» **ASSIGNED TASK**
Make an exact copy of the listing underneath, skipping each picture.

» **INFORMATION SHOWN**
____
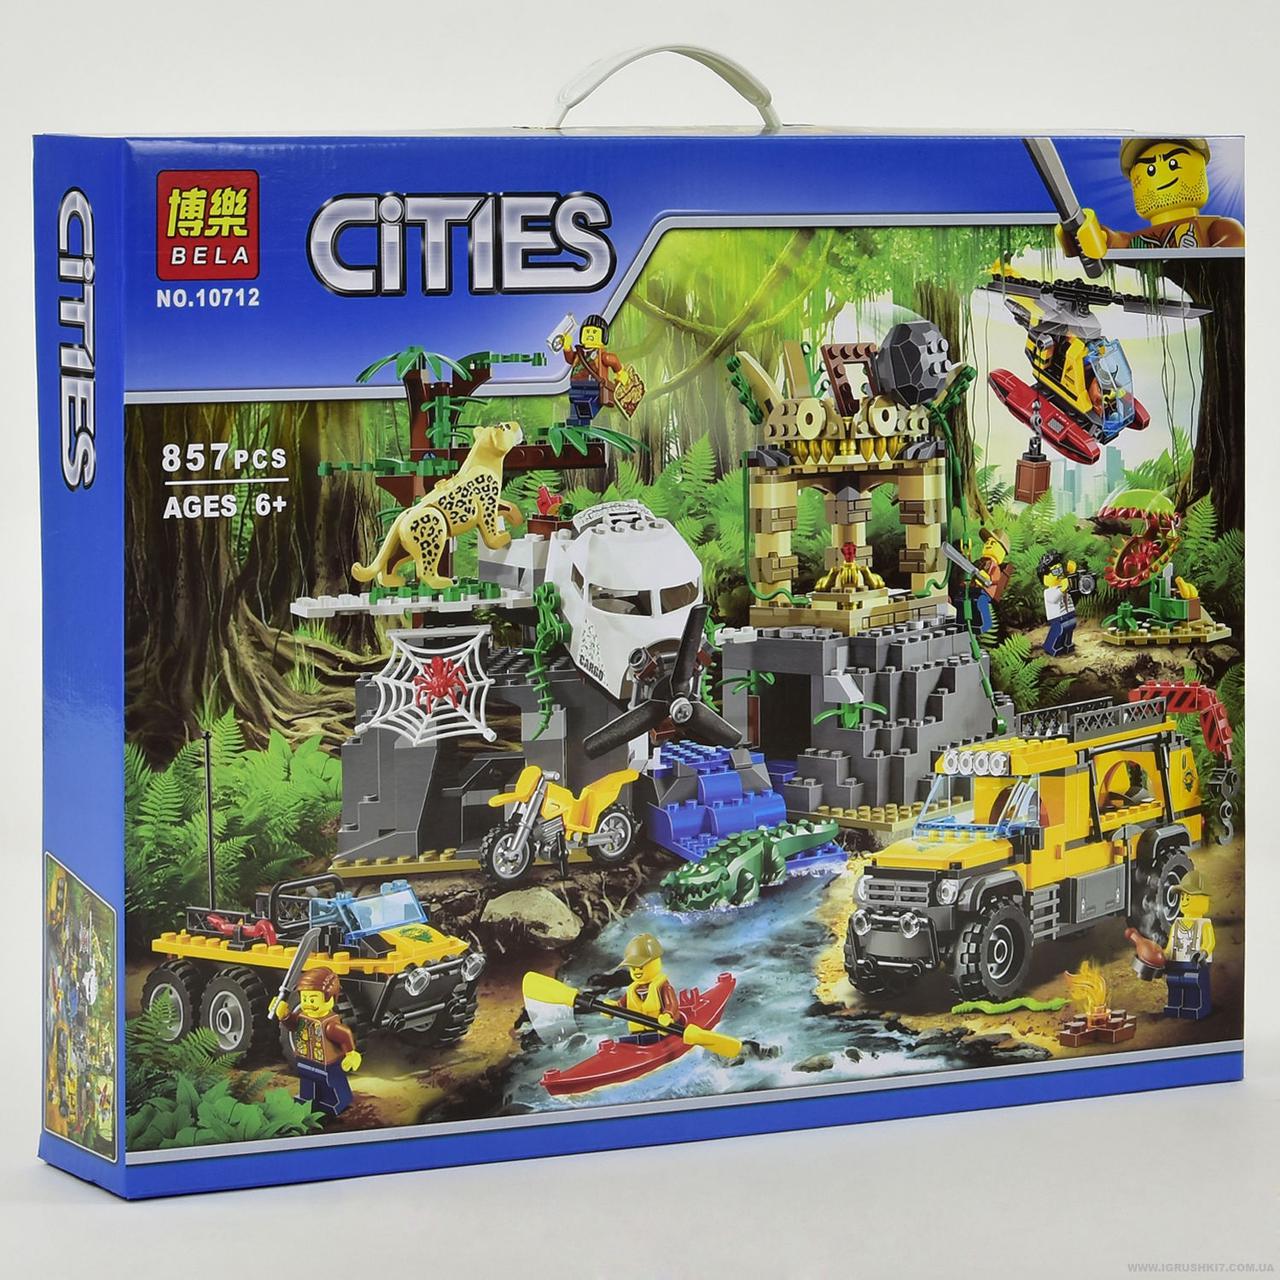 Конструктор Bela Cities 10712 "База исследователей джунглей" (аналог Lego City 60161) 857 д
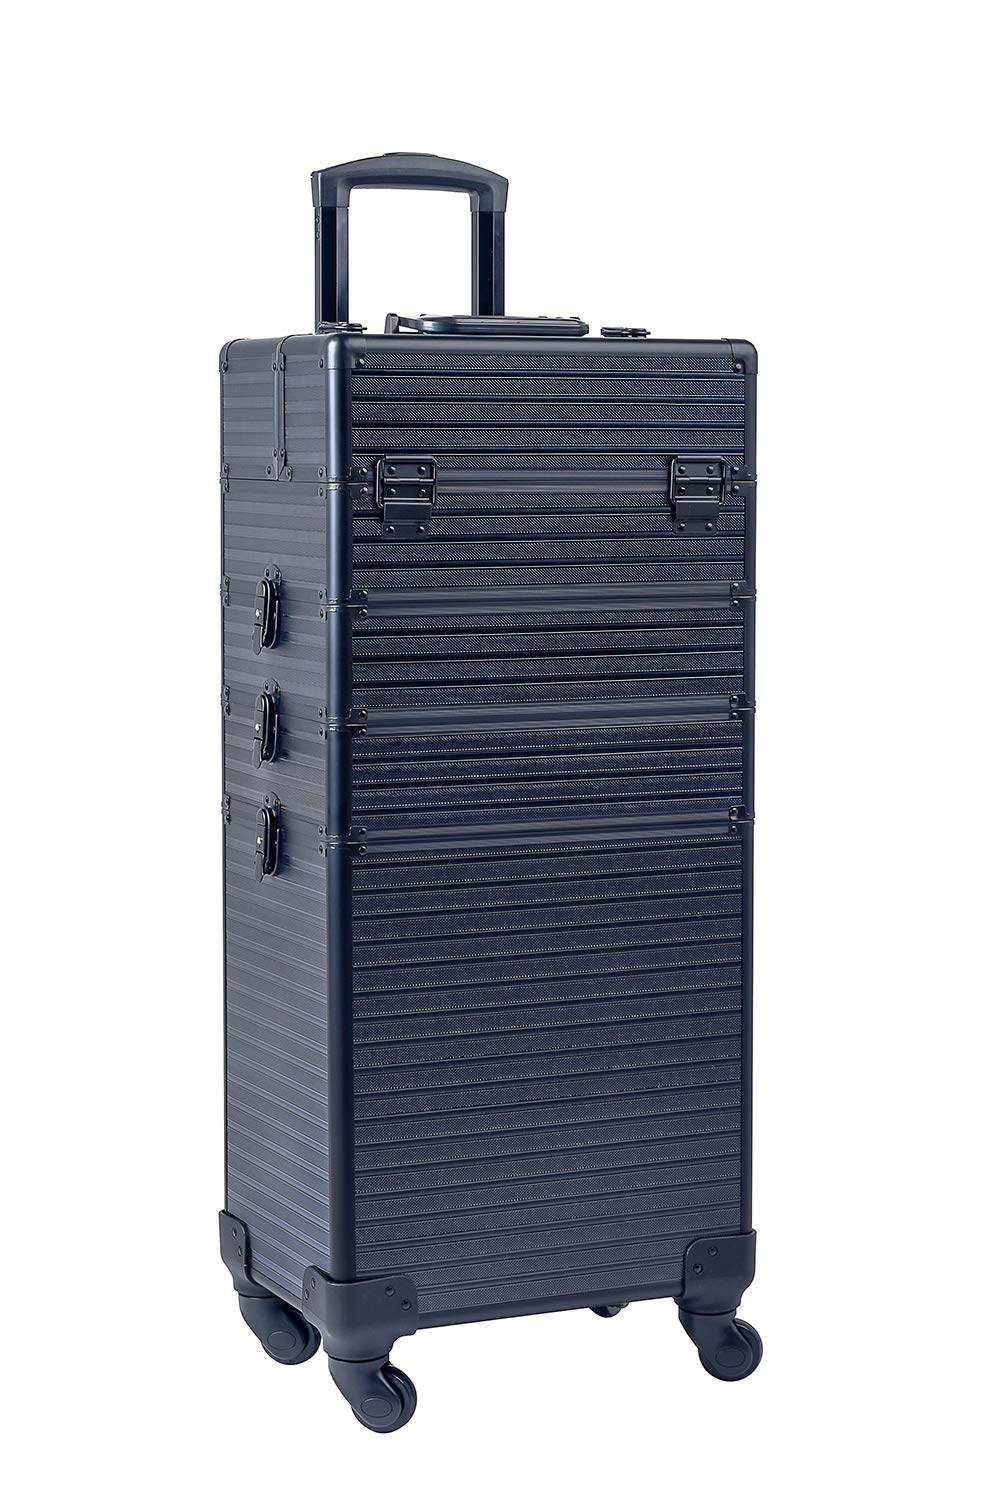 Aluminum Travel Case Large Capacity 4  in 1
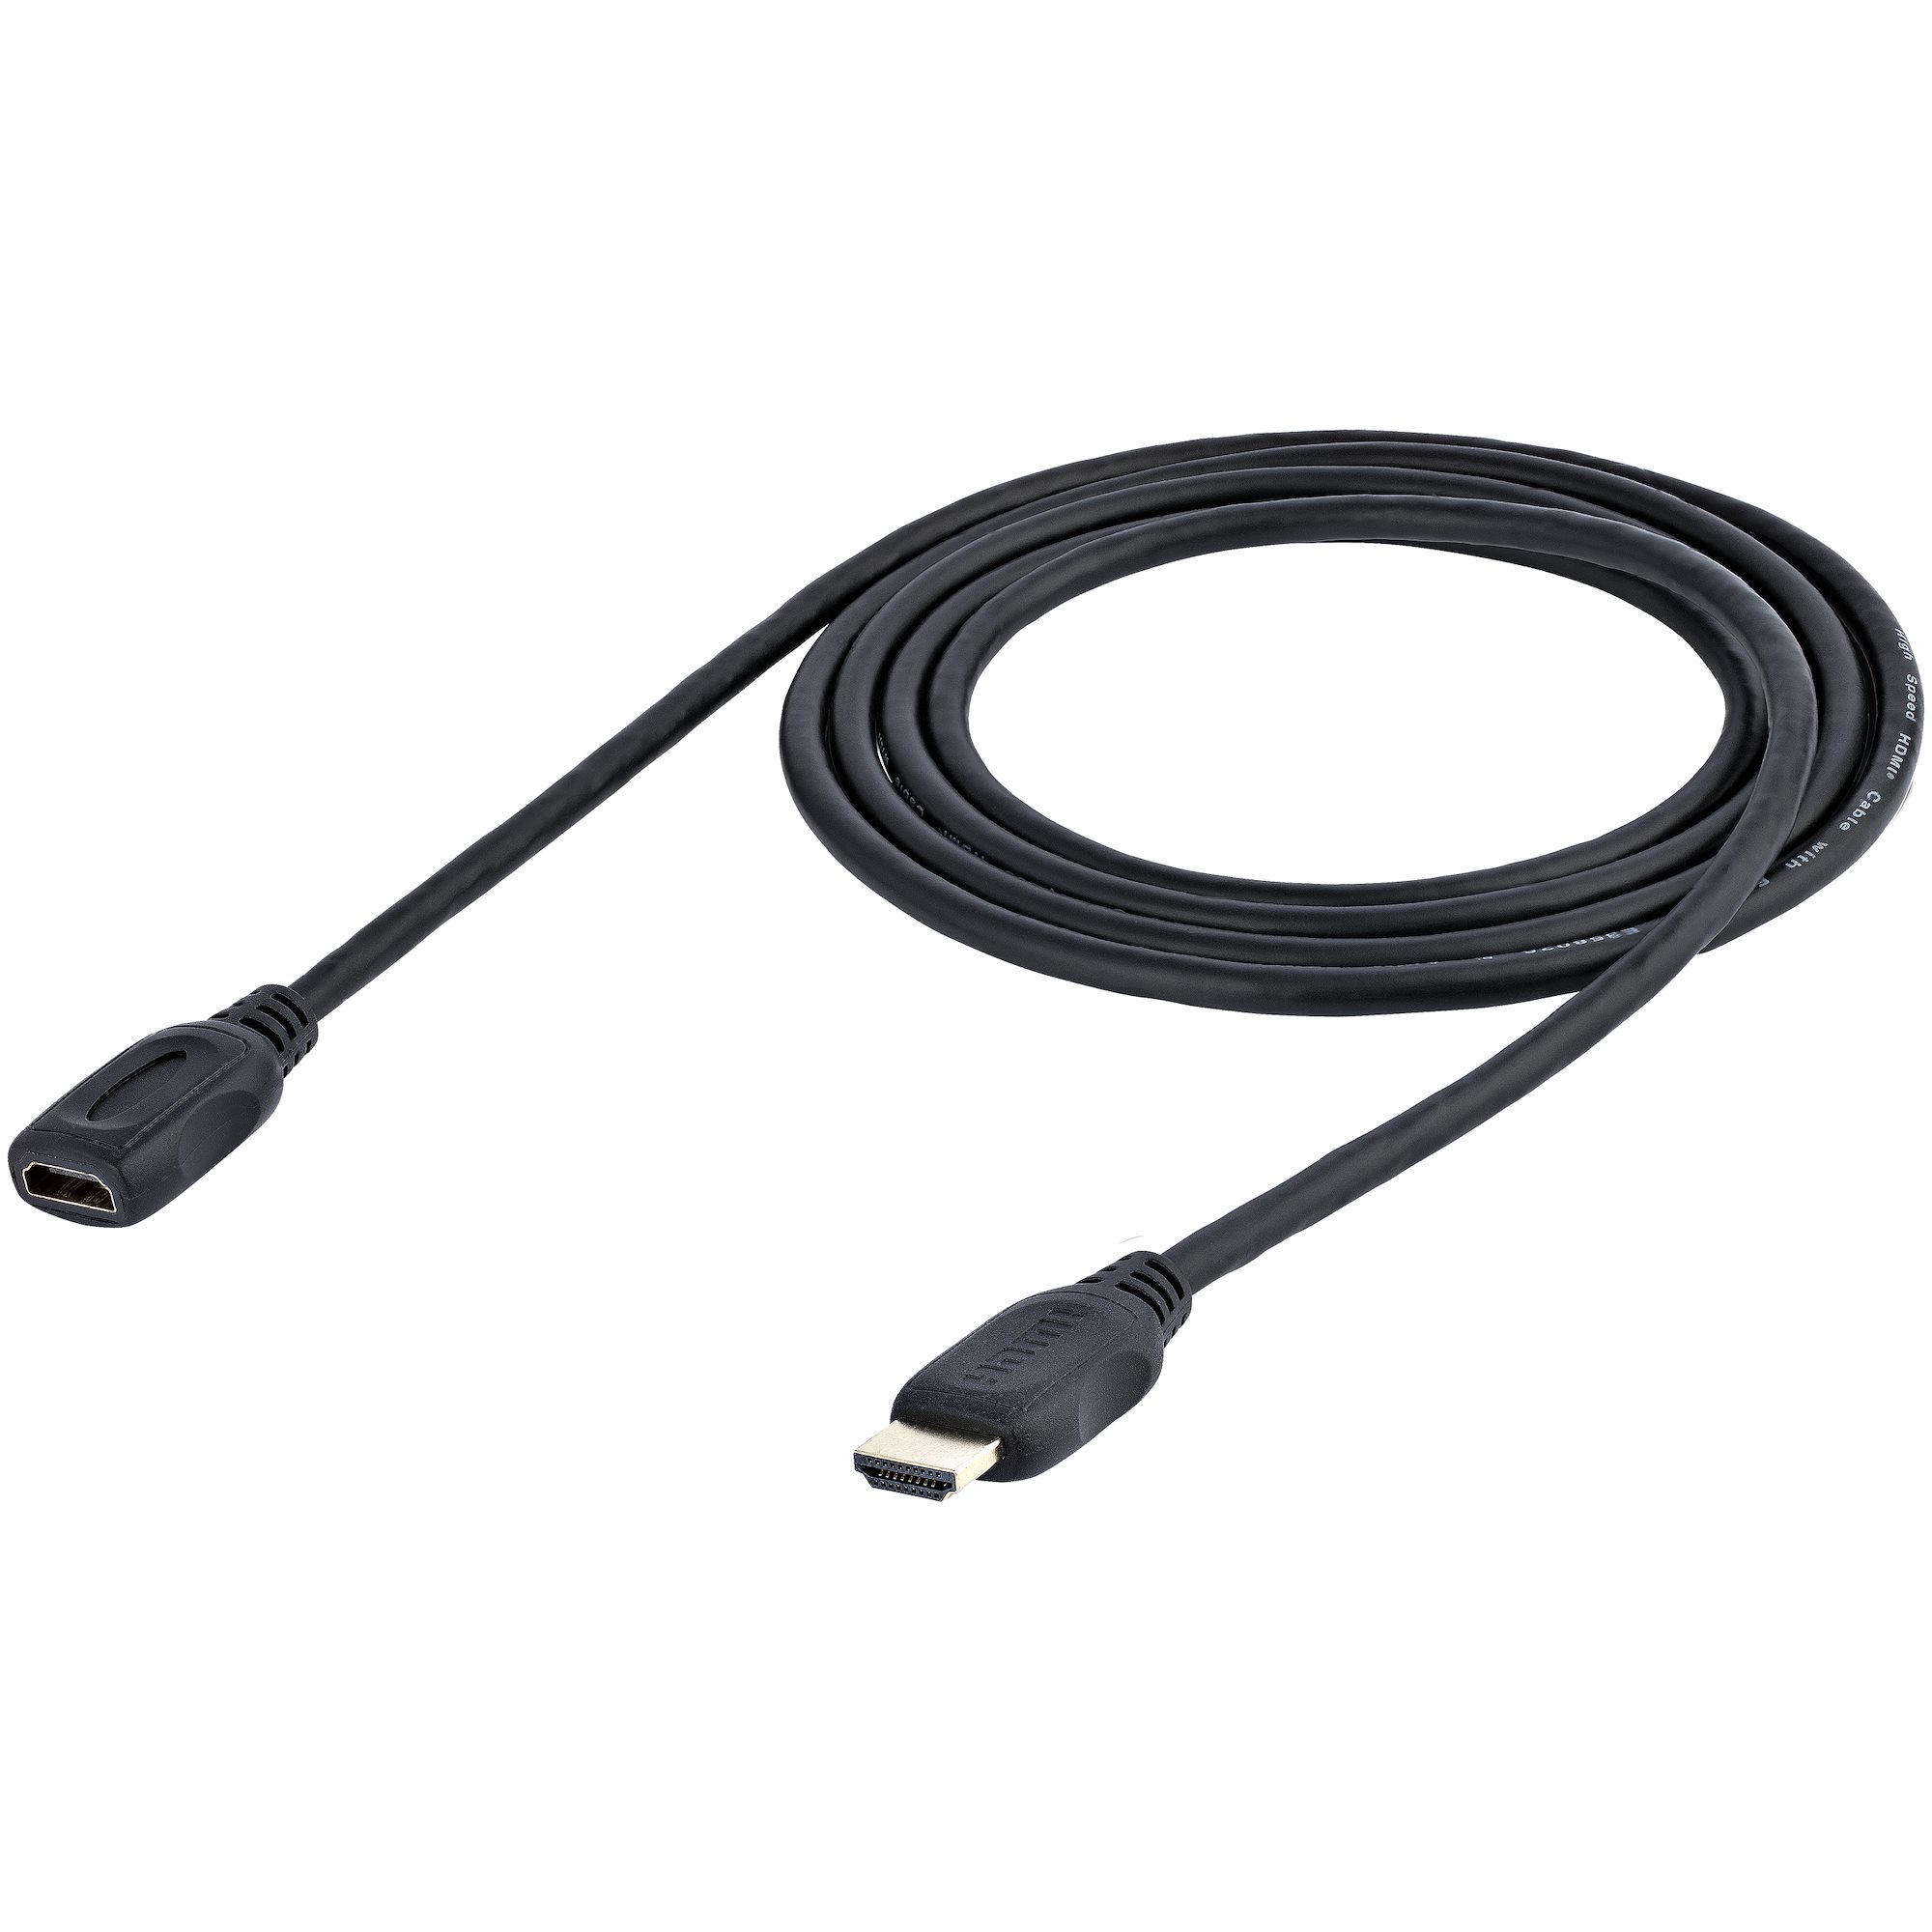 Eg _ 4K HDMI 2.0 Verlängerung Kabel Stecker auf Buchse LCD HDTV 1080P Be
____
» **TASK SOLUTION**
 Конструктор Bela Cities 10712 "База исследователей джунглей" (аналог Lego City 60161) 857 д
 Aluminum Travel Case Large Capacity 4  in 1
 Eg _ 4K HDMI 2.0 Verlängerung Kabel Stecker auf Buchse LCD HDTV 1080P Be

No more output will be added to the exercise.